Give again, word for word, the lines below that run from the line with "Red Lace Summer Dress by CREATION - Size 14" through the line with "Art, whose honesty". Drop the pictures.

### Data shown
- - - - -
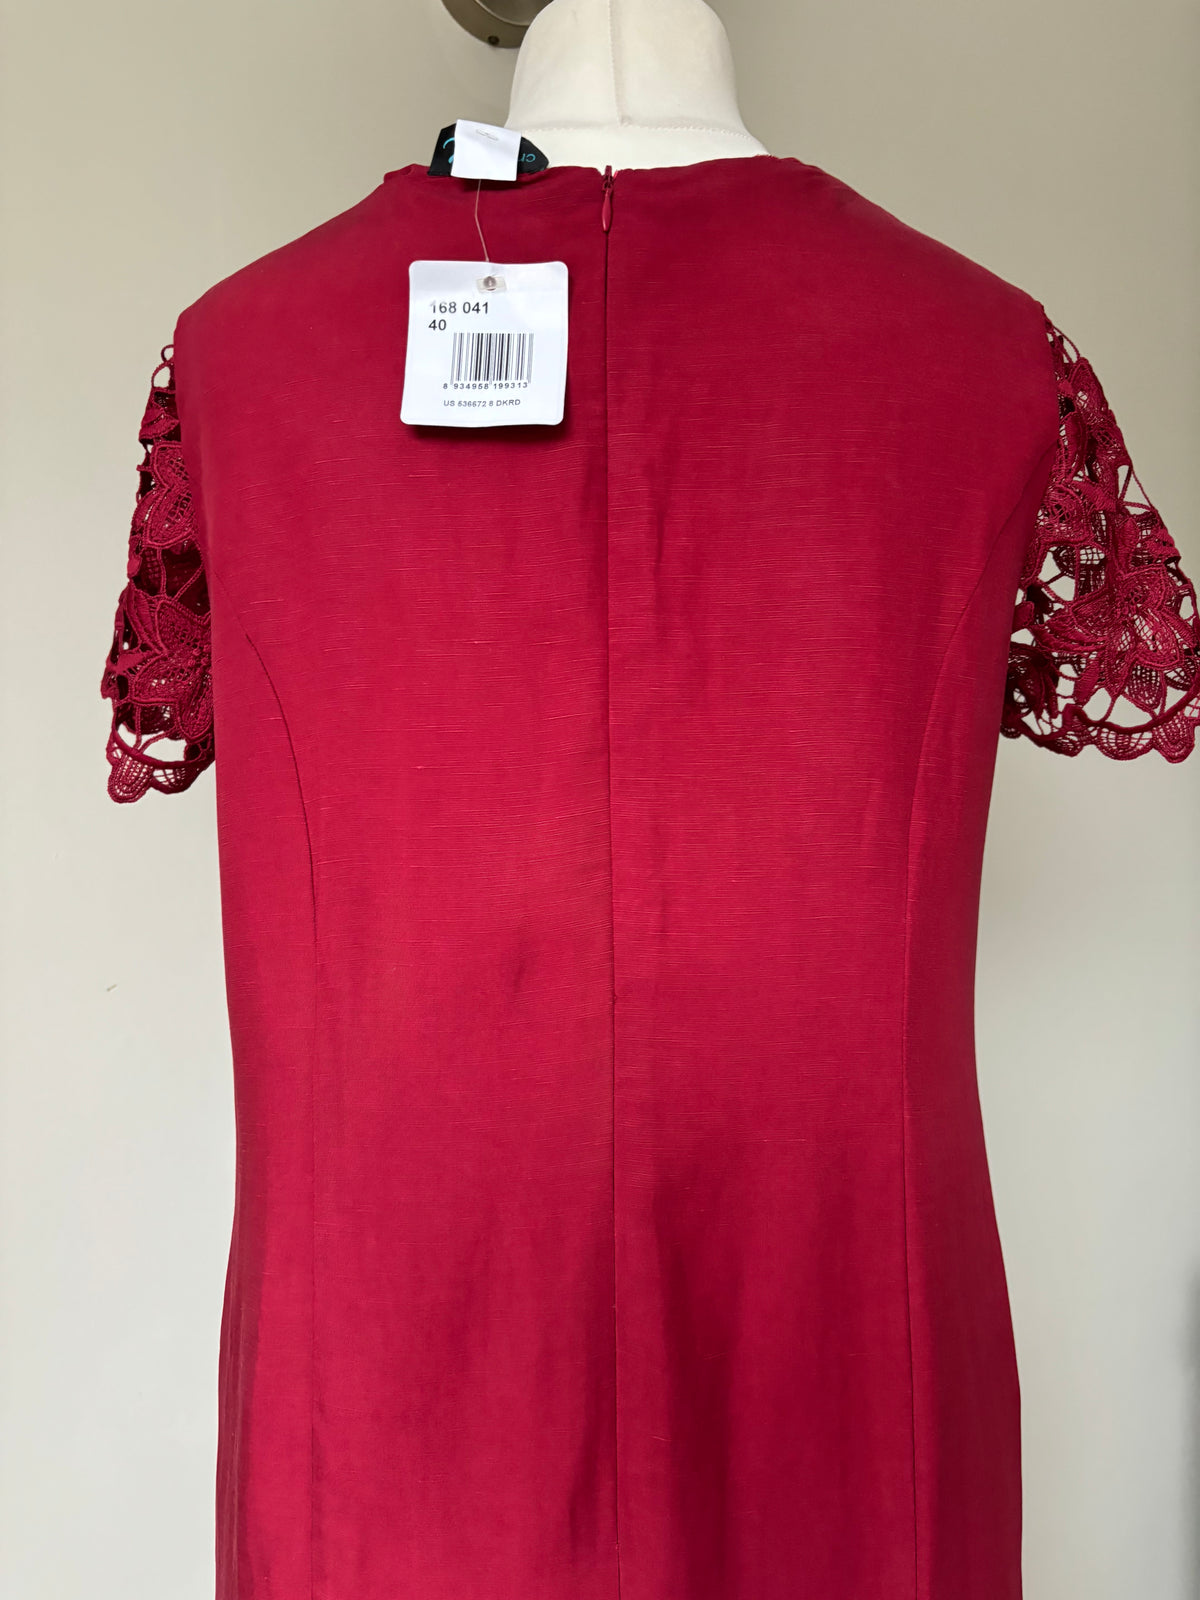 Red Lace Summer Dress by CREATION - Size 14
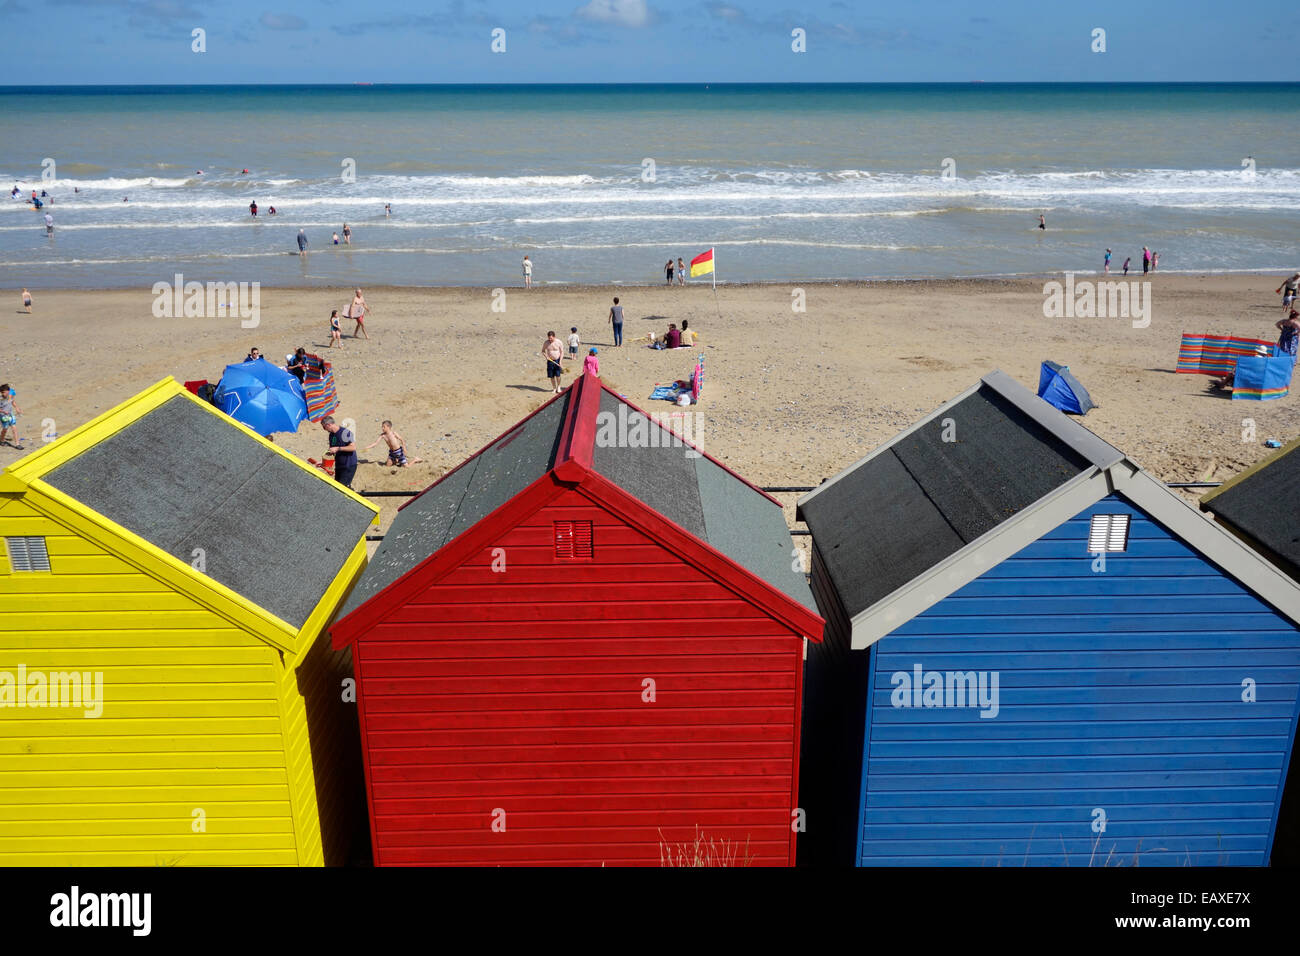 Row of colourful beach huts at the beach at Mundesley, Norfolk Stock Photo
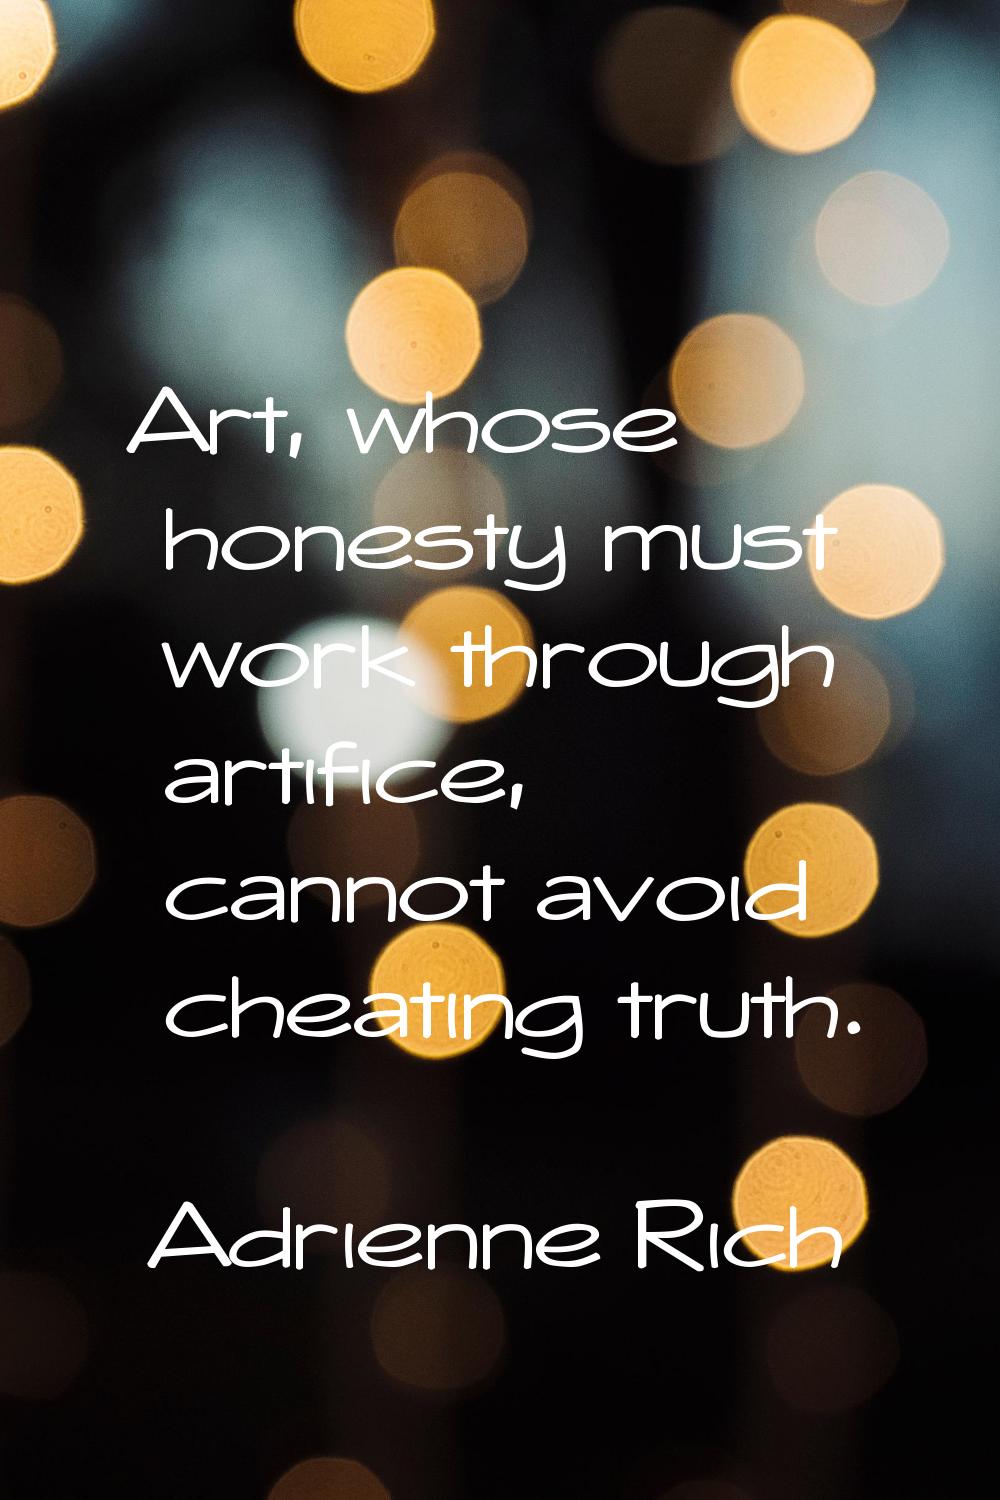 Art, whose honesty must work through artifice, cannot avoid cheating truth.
- - - - -
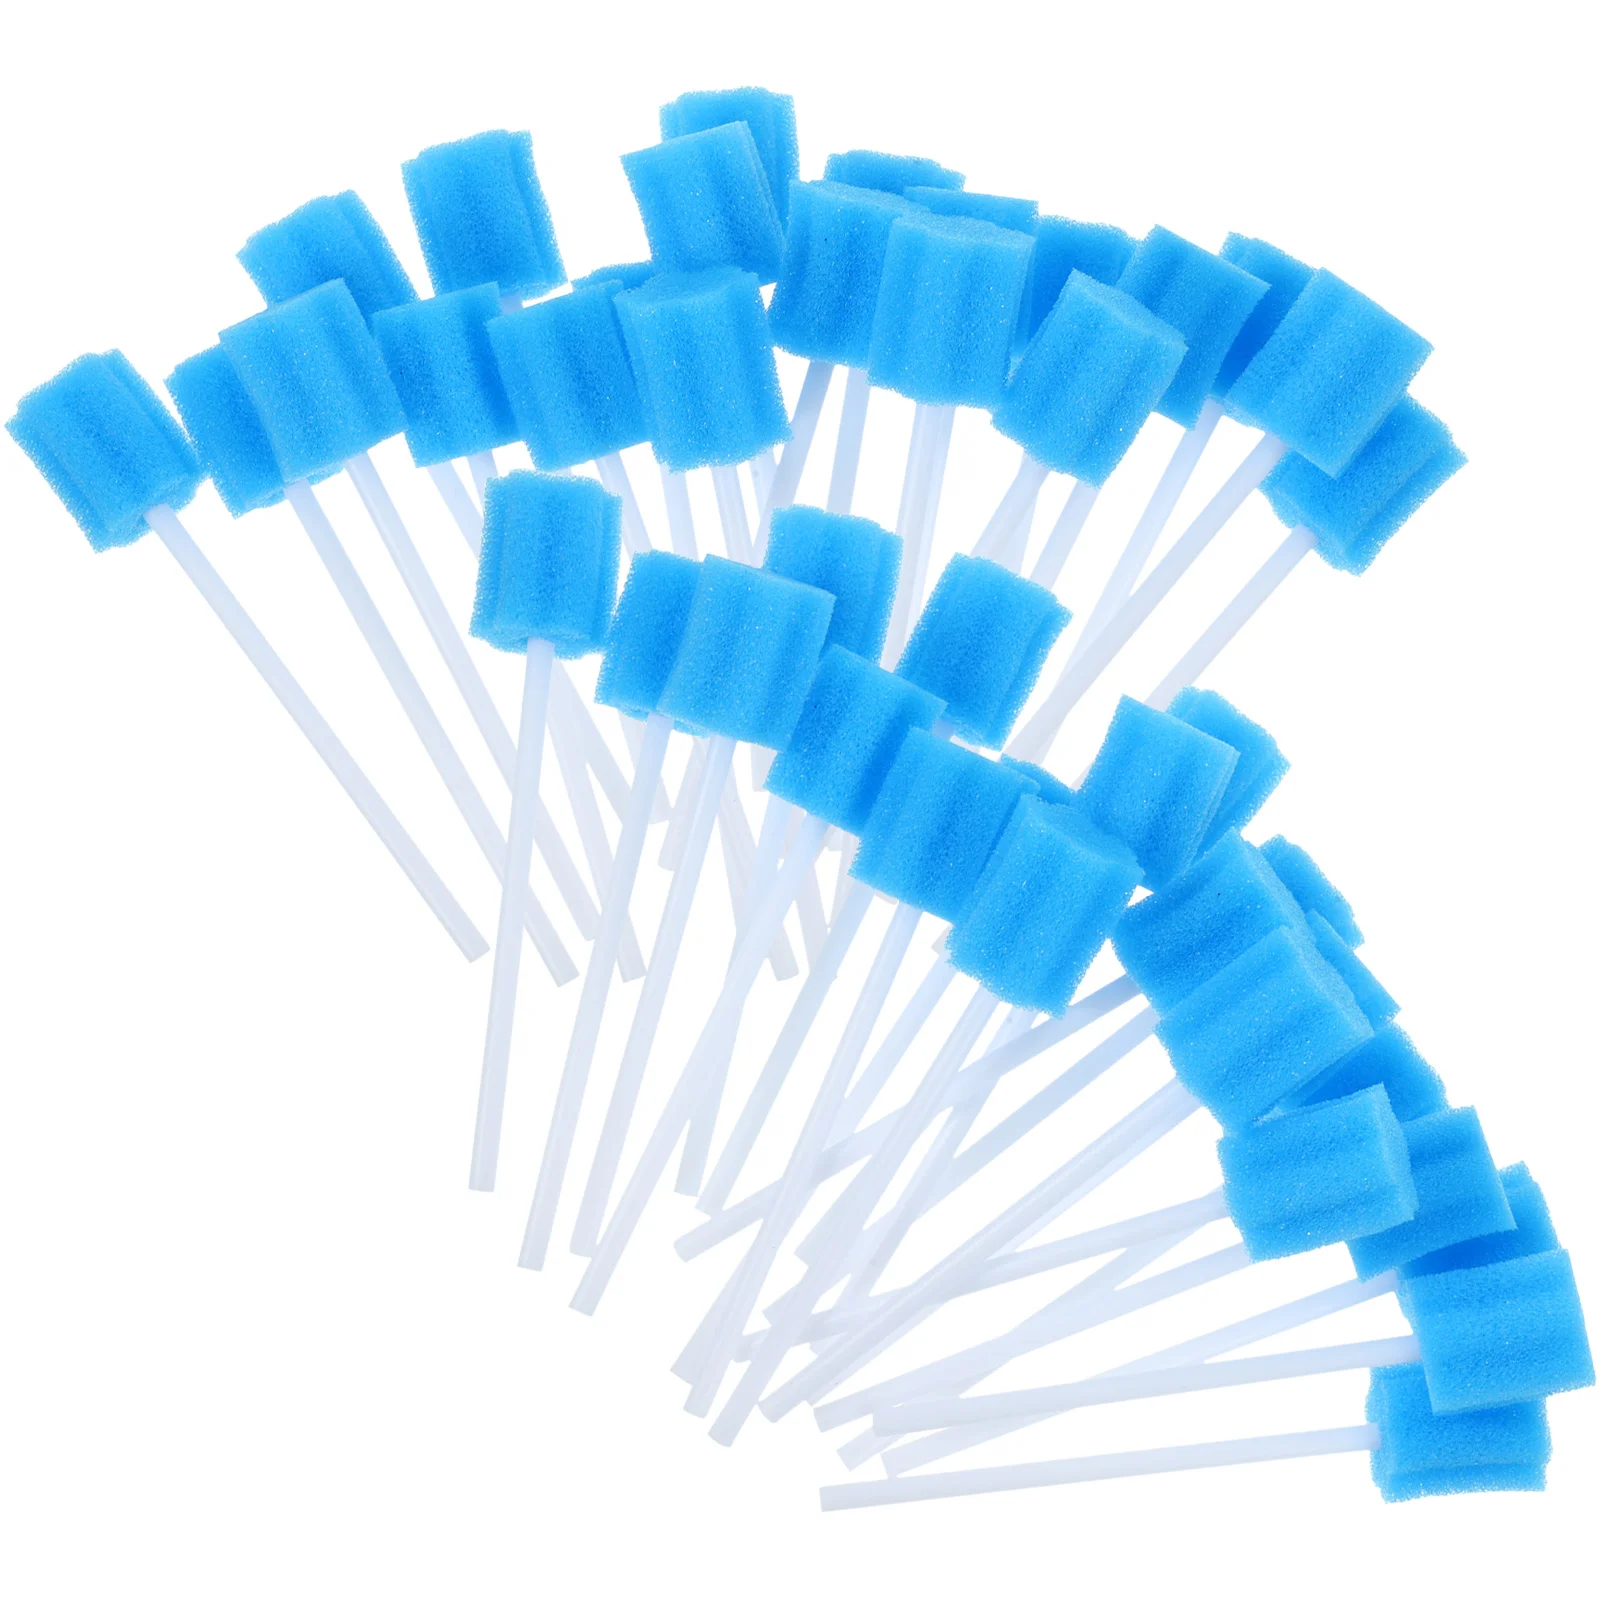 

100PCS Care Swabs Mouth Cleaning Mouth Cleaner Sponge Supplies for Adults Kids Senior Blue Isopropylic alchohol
- - - - -
### Task solution
 Red Lace Summer Dress by CREATION - Size 14
 Row of colourful beach huts at the beach at Mundesley, Norfolk Stock Photo
 Art, whose honesty must work through artifice, cannot avoid cheating truth.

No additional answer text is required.